When I met you in the summer,
to my heart beats sound,
we fell in love,
as the leaves turned brown
….
Summer - Calvin Harris
I was relaxing and looking a tree whose leaves had become red-brown and this song came to my mind. I like it. I’ve heard it several times before, and repeated the main parts a few times internally. But then I was a bit bothered by the “as the leaves turned brown”. Why is it there? What good does it serve? It didn’t really mean much but was one of the two most memorable parts of the song, at least for me. The other one being “met you in the summer”. These two parts were the most catchy for me. And “the leaves turned brown” didn’t really mean anything for the main story, or so it seemed at first.
Then I thought, wait a minute, it actually means a bunch of things. It invokes a feeling of being outside, in the air, among nature. It is romantic. It explains which time of the year it happened - the part of autumn during which the trees start pigmenting and shedding their leaves. It explains the time granularity. The falling in love didn’t happen overnight, but developed over the course of weeks. It probably happened in a temperate climate area, as these are the ones which have such summer and autumn seasons. It probably happened during the day, that’s when the leaves are visible.
Wow, that’s a lot of information packed in just four words, and I’m sure more things could be inferred. The compression rate is enormous. Calvin Harris, or whomever wrote the text, is able to communicate with us at a really really high rate. Shannon’s law of communication channels states that the maximum information transfer rate is the capacity of the communication channel times the mutual information. In this case, the capacity of the communication channel is four words. But because both we and the author share the same background information about what is romantic and how seasons work and about how long it takes the leaves to turn brown, we can get so much interesting knowledge out of these four words.

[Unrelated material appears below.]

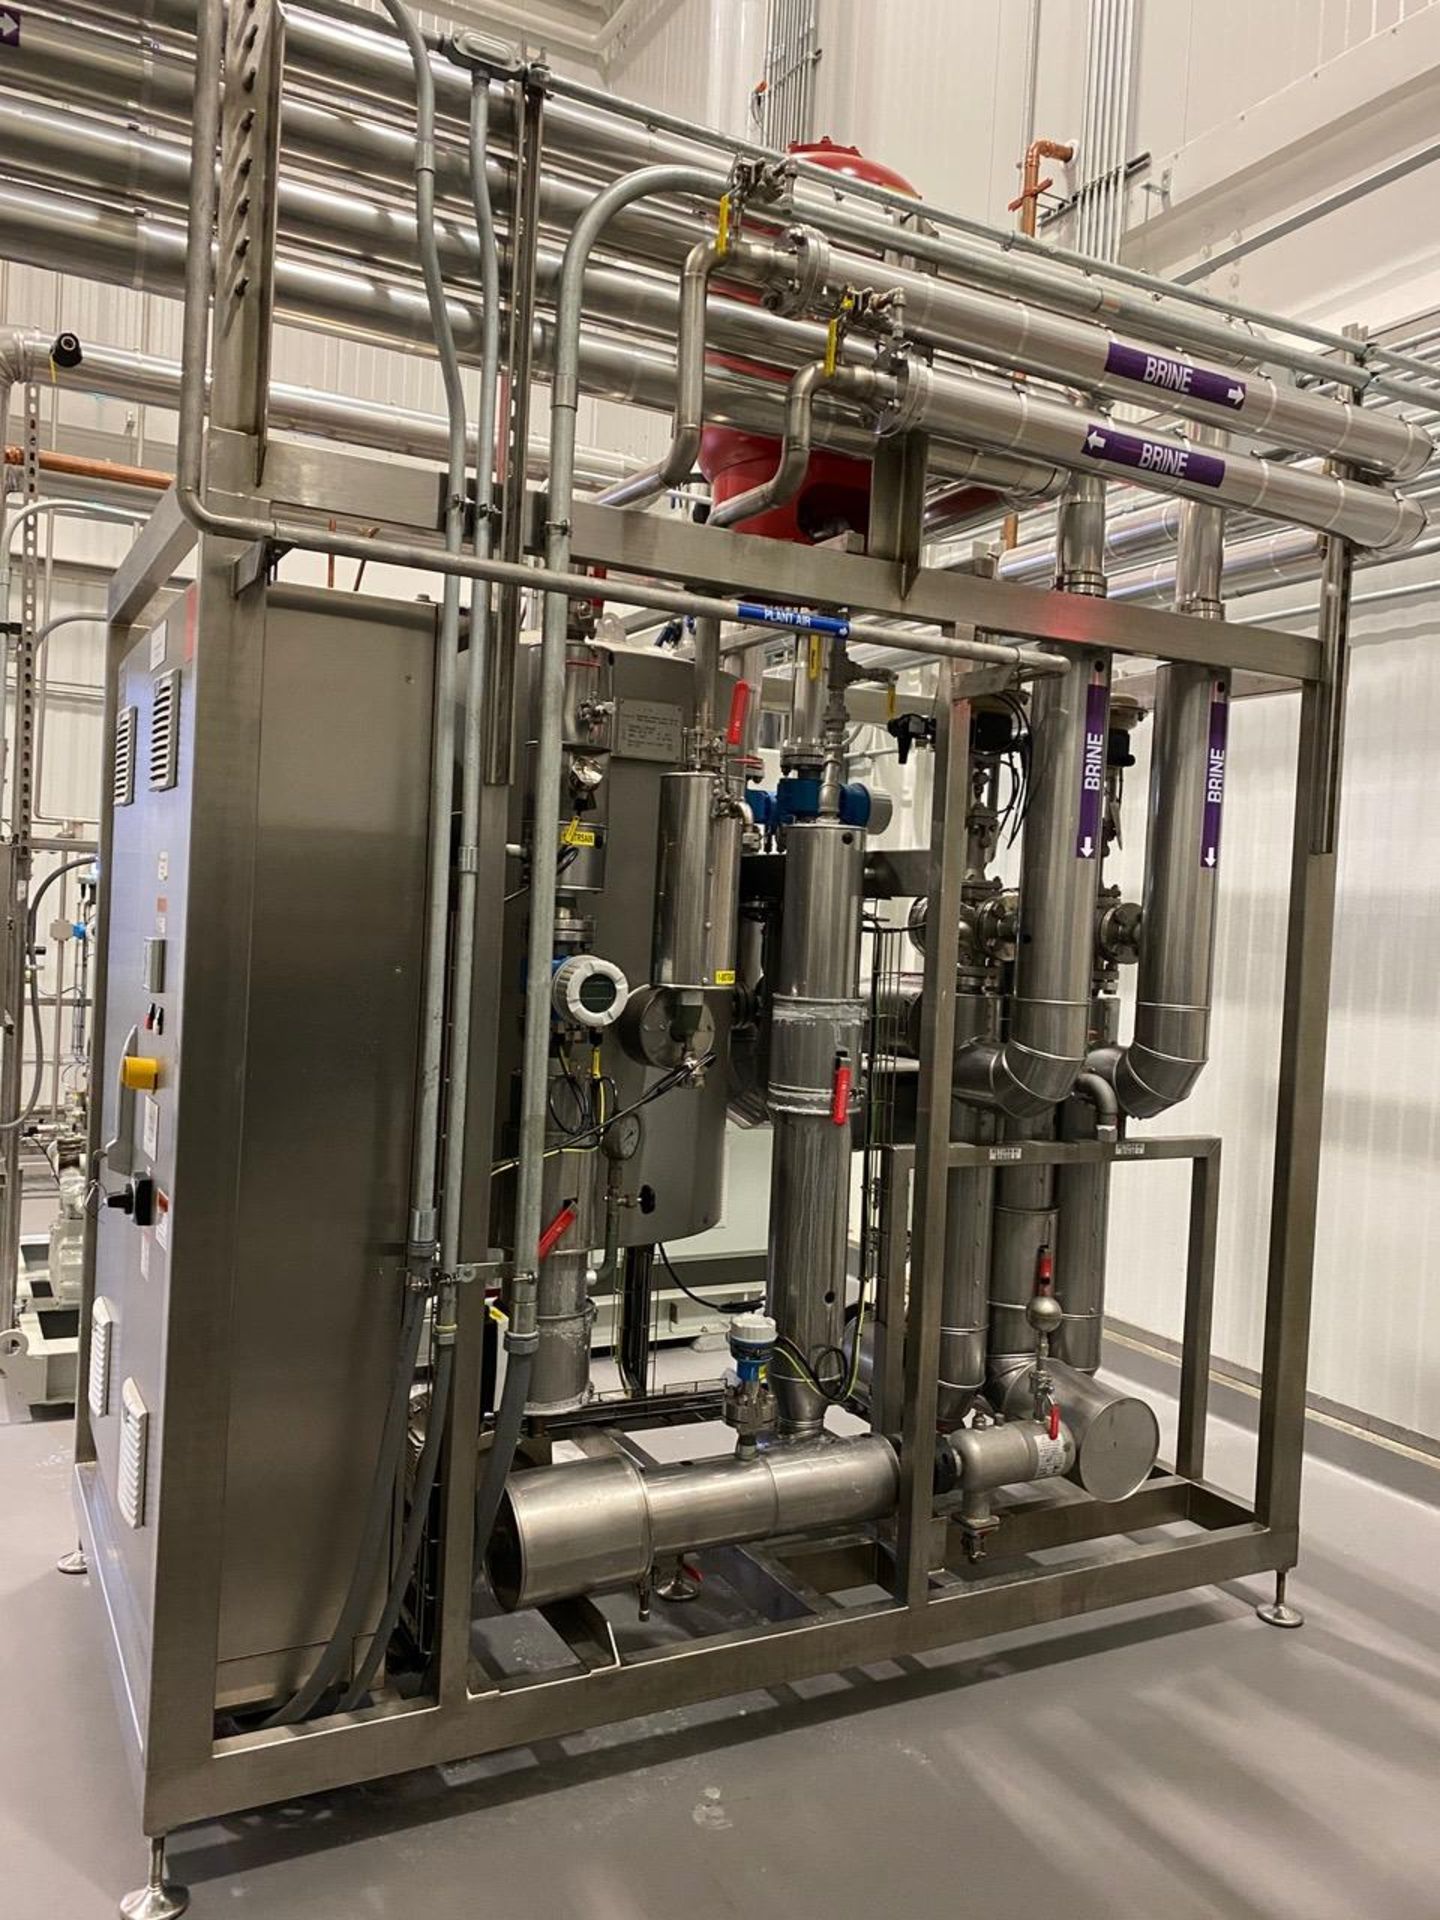 2018 Freeze Concentrate Brine Skid | Rig Fee: $1000

But there is more. The text of the song makes most sense when the listener is part of a certain social environment. Certain songs only make sense in a certain country. Similar to how many jokes are really hard to translate in a different language, if a person comes from a different background than you, then your joke would probably not be funny to them, and they might not understand why you like the text of a certain song. When a song is only understandable within a certain community, at a certain time, the song embeds something unique about that community. The song is an embedding of that community in that point in time. The song, and it lyrics is a very compact way of representing the “culture” of this environment.

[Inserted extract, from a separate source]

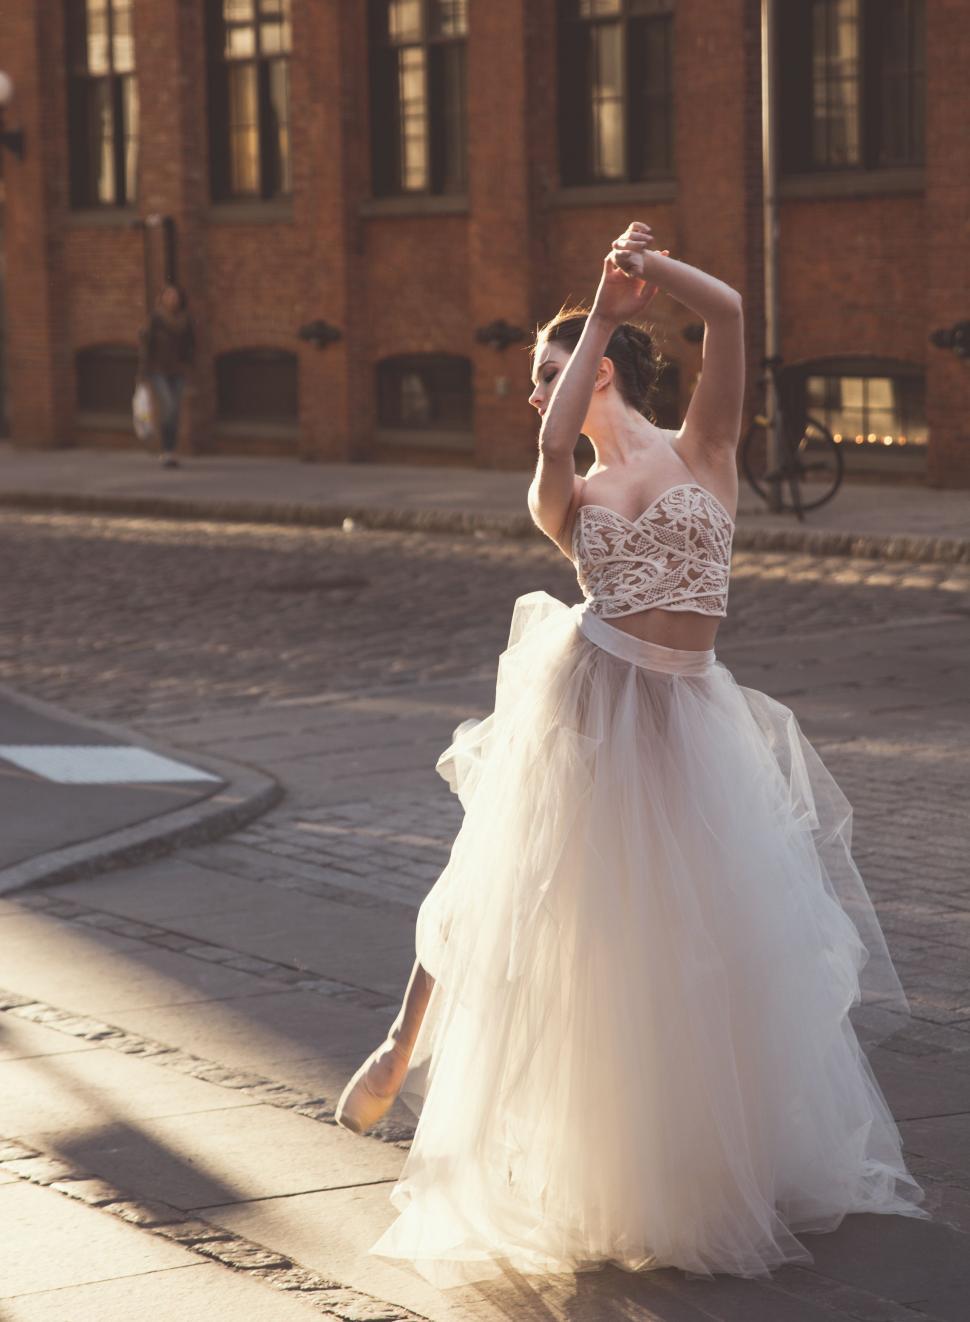 Free Image of Woman in White Dress Dancing on Street

Song lyrics and poetry are amazing in their ability to convey huge amount of information when the listener has shared background with the author. But they can also serve the opposite purpose - to define the environment, the feelings of the author, the emotions, the culture, the lesson and the cause. For when we understand the words and the feelings we could learn something about the environment if we know the author’s feelings.
feelings, culture ---> lyrics
Of course, we won’t learn everything about the culture from a single song or a poem. But we will learn at least something. Chances are, that if we have a lot of songs, poems, movies, paintings or any kind of art from a given environment, we will learn a lot about it. All of these art forms preserve a given culture, moment or feeling by embedding it into some kind of physical material. In some cases this material can outlast the original environment. Homer’s “Iliad” has captured a lot of hystory and culture about ancient Greece. The original environment about the Troy war disappeared to the point where nobody believed it existed any more, until in the 19th century archaeologists inspired by the text of the Iliad looked for Troy and found its ruins ([1]).
Given how much one could learn about Troy’s war from Iliad, and about any other environment from the art originating in it, I would say that art is a pretty badass form of compression. In just a few artifacts such as text, notes, or paint on canvas, it can capture an environment and save it for posterity. Growing up fascinated with math, and later with computers, I’ve been enjoying art but also underestimating it a lot. Always thinking that it is mostly a form of entertainment, I’ve had fun, but didn’t take it very seriously. I guess I was wrong about it. Which is actually pretty exciting, because now I have the chance to learn so much about the different environments and the different lives and emotions in them, just from music, books, and paintings.